Given an intermediate feature map F E R ^C×H×W As input, the operation process of the CBAM is totally divided into two parts, firstly, global maximum pooling and average pooling are carried out on the input according to channels, and two one-dimensional vectors after pooling are sent into a full-connection layer for operation and then added to generate one-dimensional channel attention M _c ∈R ^C×1×1 Multiplying the channel attention with the input element to obtain a characteristic diagram F' after channel attention adjustment; secondly, carrying out global maximum pooling and mean pooling on F' according to space, splicing two-dimensional vectors generated by pooling, and carrying out convolution operation to finally generate the two-dimensional space attention M _s ∈R ^1×H×W Multiplying the spatial attention by F' by elements, the CBAM generated attention process can be described as:

wherein the method comprises the steps ofRepresenting multiplication of corresponding elements, before multiplication, the channel attention and the spatial attention need to be broadcast according to the spatial dimension and the channel dimension, respectively.

Ms test module:

five different TPH-yolov5 network models were trained according to different perspectives of model integration. In the reasoning phase, the ms test strategy is first performed on a single model. The implementation details of the ms test include the following three steps.

(1) The test image was scaled to 1.3 times.

(2) The image was reduced to 1, 0.83 and 0.67 times, respectively.

(3) The image is flipped horizontally.

And finally, inputting six images with different proportions into a trained TPH-yolov5 network model, and predicting by using NMS fusion test. The same ms test operation is performed on different trained TPH-yolov5 network models and the final five predictions are fused by WBF to obtain the final result.

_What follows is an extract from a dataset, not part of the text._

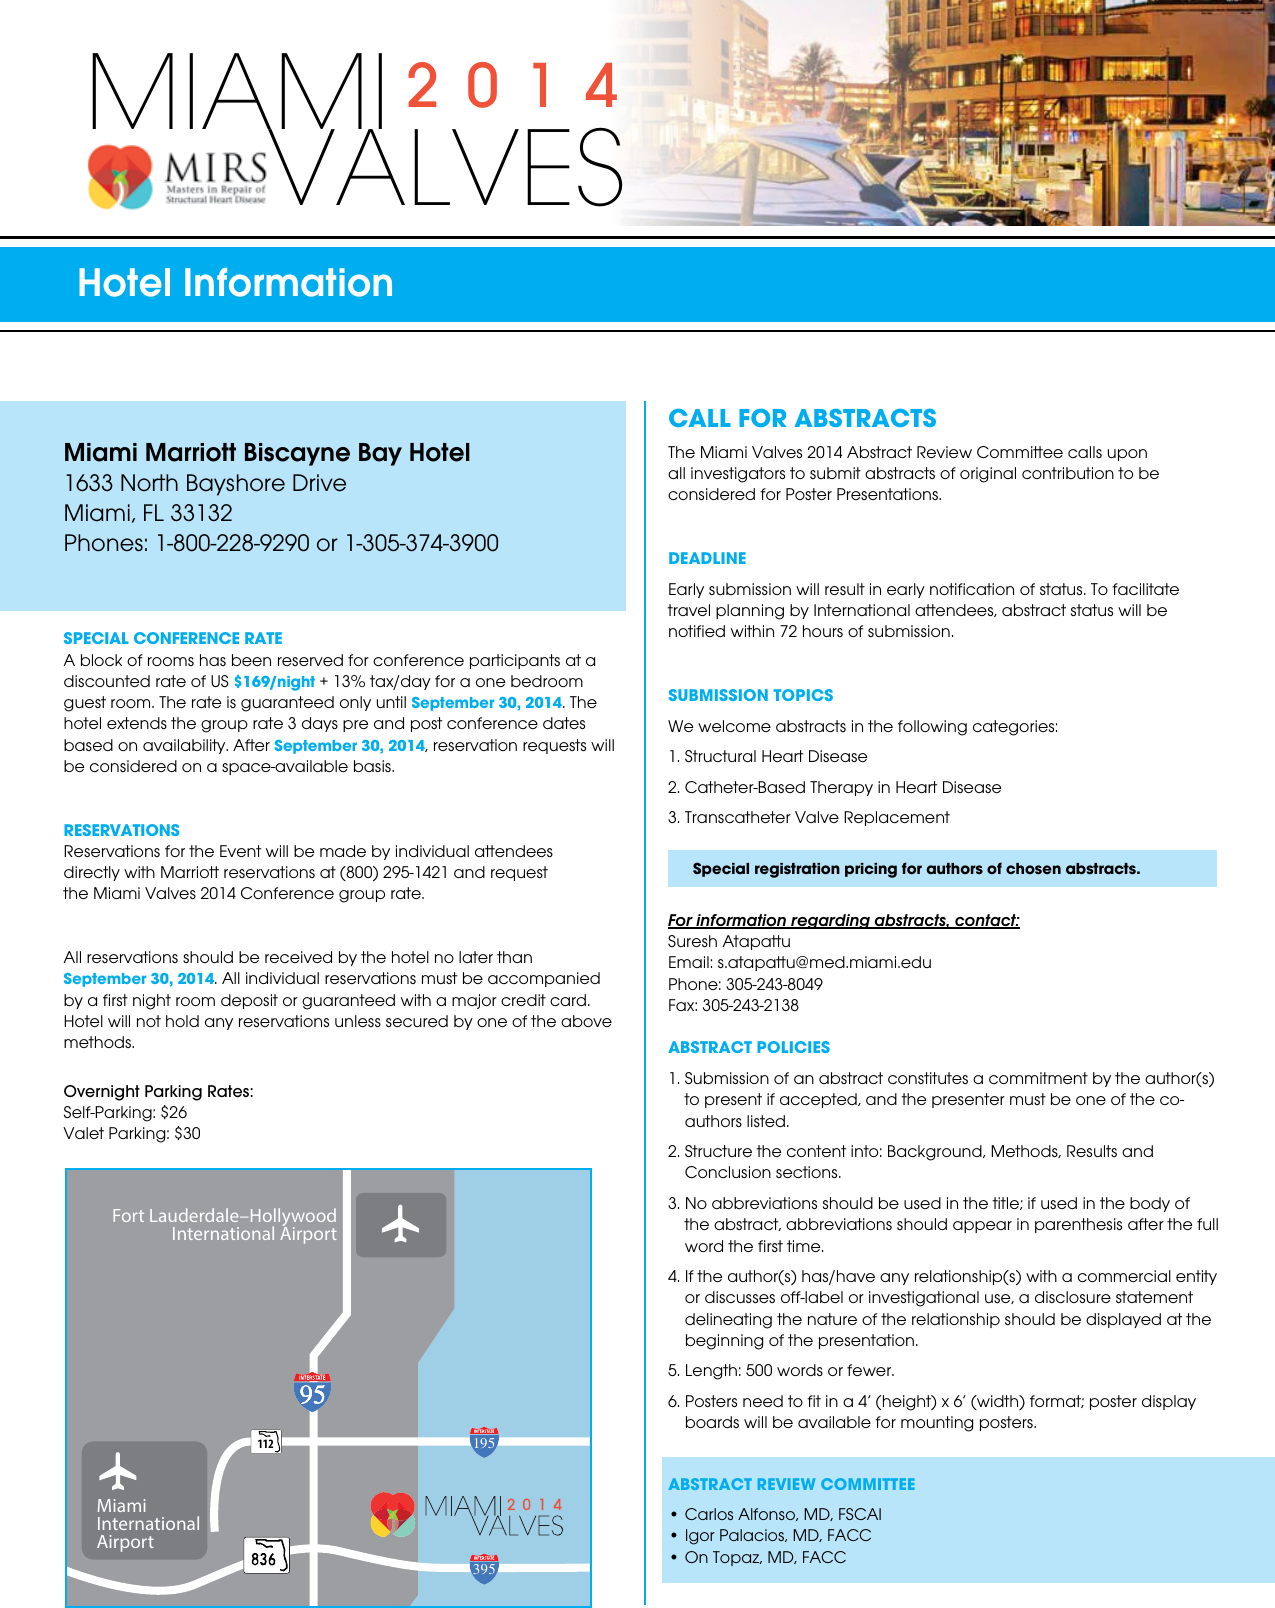 Page 6 of 8 - BROCHURE  - Miami Valves 2014 7 31 14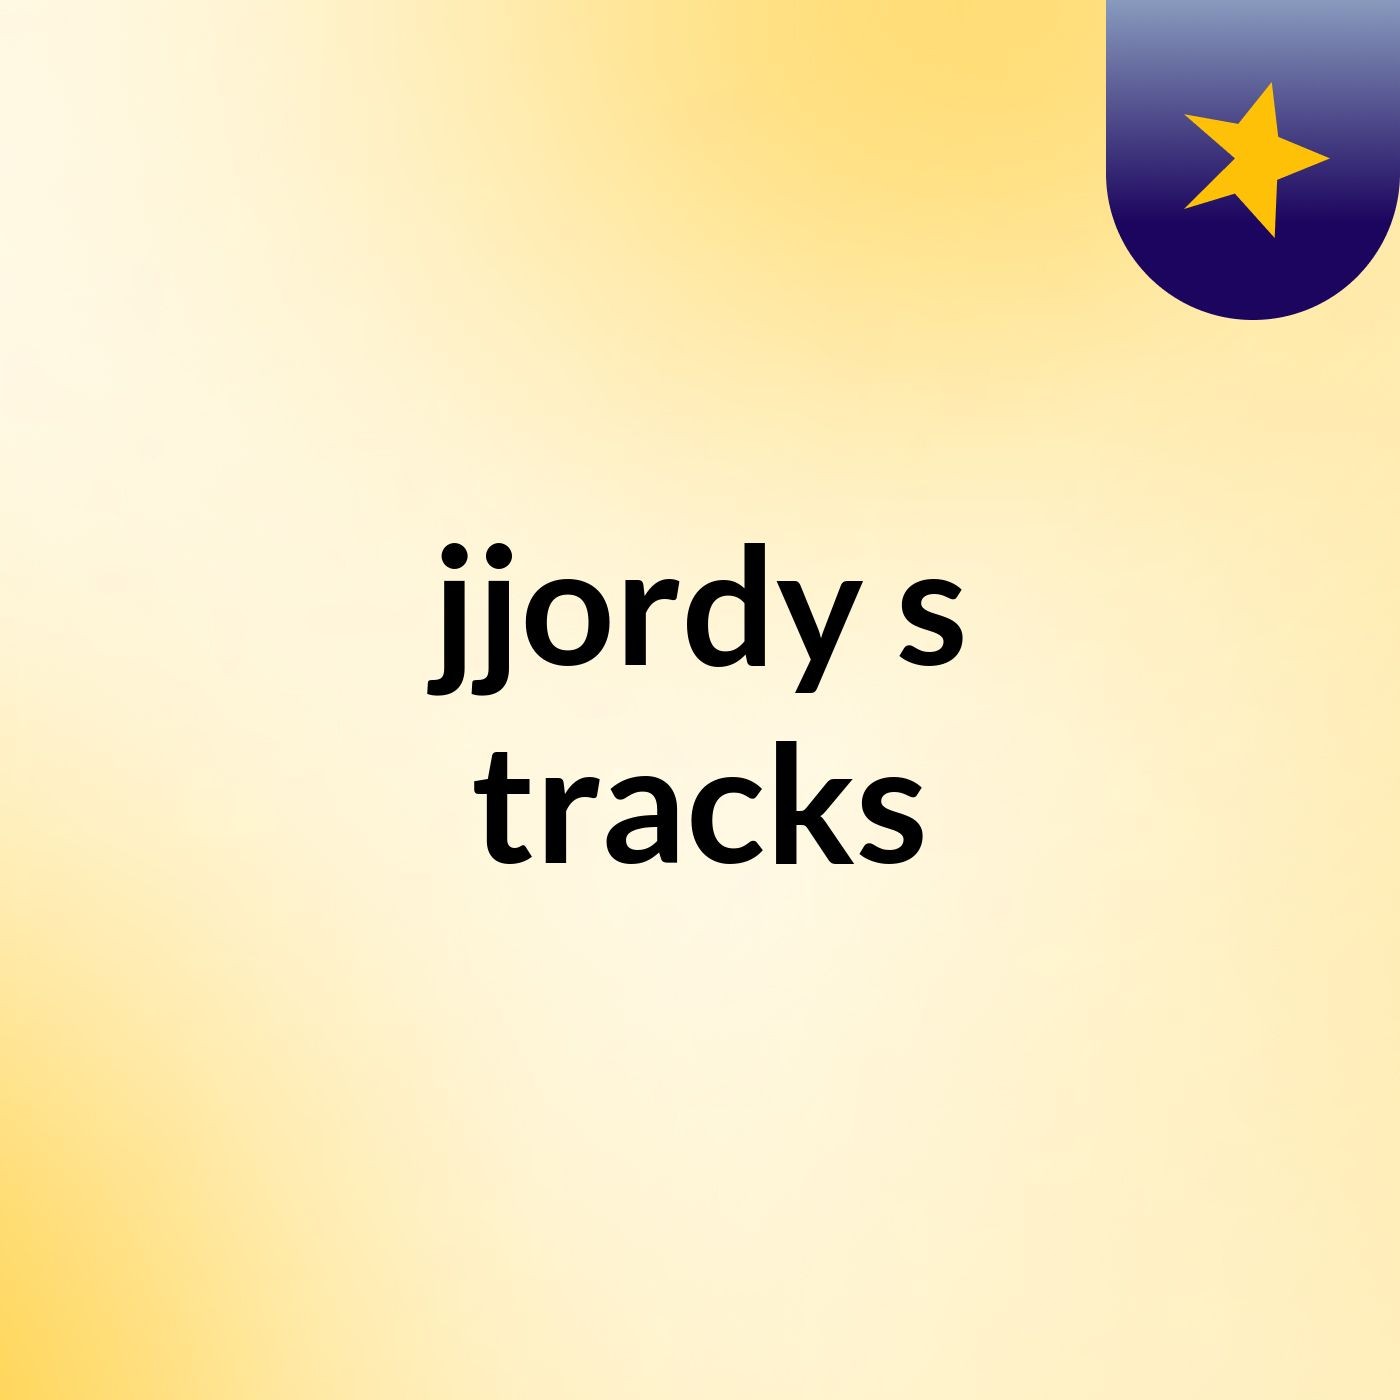 jjordy's tracks

5. Self-training classifier module:

training the data set by using a TPH-yolov5 network model, and then obtaining a conclusion by visualizing an abnormal case analysis result: the TPH-yolov5 network model has good positioning capability but poor classification capability. It was observed by further investigation that the accuracy of certain categories was very low. To address this problem, an additional self-training classifier may be used. First, a training set is constructed by clipping a real bounding box and resizing each image patch to 64×64. ResNet18 is then selected as the classifier network.

Referring to fig. 2, with the help of this self-training classifier, the method increases by about 0.8% to 1.0% on the basis of the AP value.

Finally, it should be noted that: the above embodiments are only for illustrating the technical aspects of the present invention and not for limiting the same, and although the present invention has been described in detail with reference to the above embodiments, it should be understood by those of ordinary skill in the art that: modifications and equivalents may be made to the specific embodiments of the invention without departing from the spirit and scope of the invention, which is intended to be covered by the claims.

Claims

1. The abnormal behavior detection method based on TPH-yolov5 is characterized by comprising the following steps:

2. The method of claim 1, wherein in the TPH-yolov5 network model:

3. The method as recited in claim 1, further comprising:

4. A method according to claim 3, wherein a plurality of different trained TPH-yolov5 network model integration boxes are integrated using non-maximum suppression or soft NMS or weighted box fusion;

5. A method according to claim 3, wherein the step of combining the weighted frame fusion is:

6. The method of claim 5, wherein step 3 further comprises:

7. The method of claim 5, wherein step 4 further comprises:

or

8. The method according to claim 5, characterized in that in step 3:

9. The method as recited in claim 1, further comprising:

10. The method of claim 9, wherein the self-training classifier is obtained using image blocks cropped from a training set as a classification training set and selecting res net18 as a classifier network.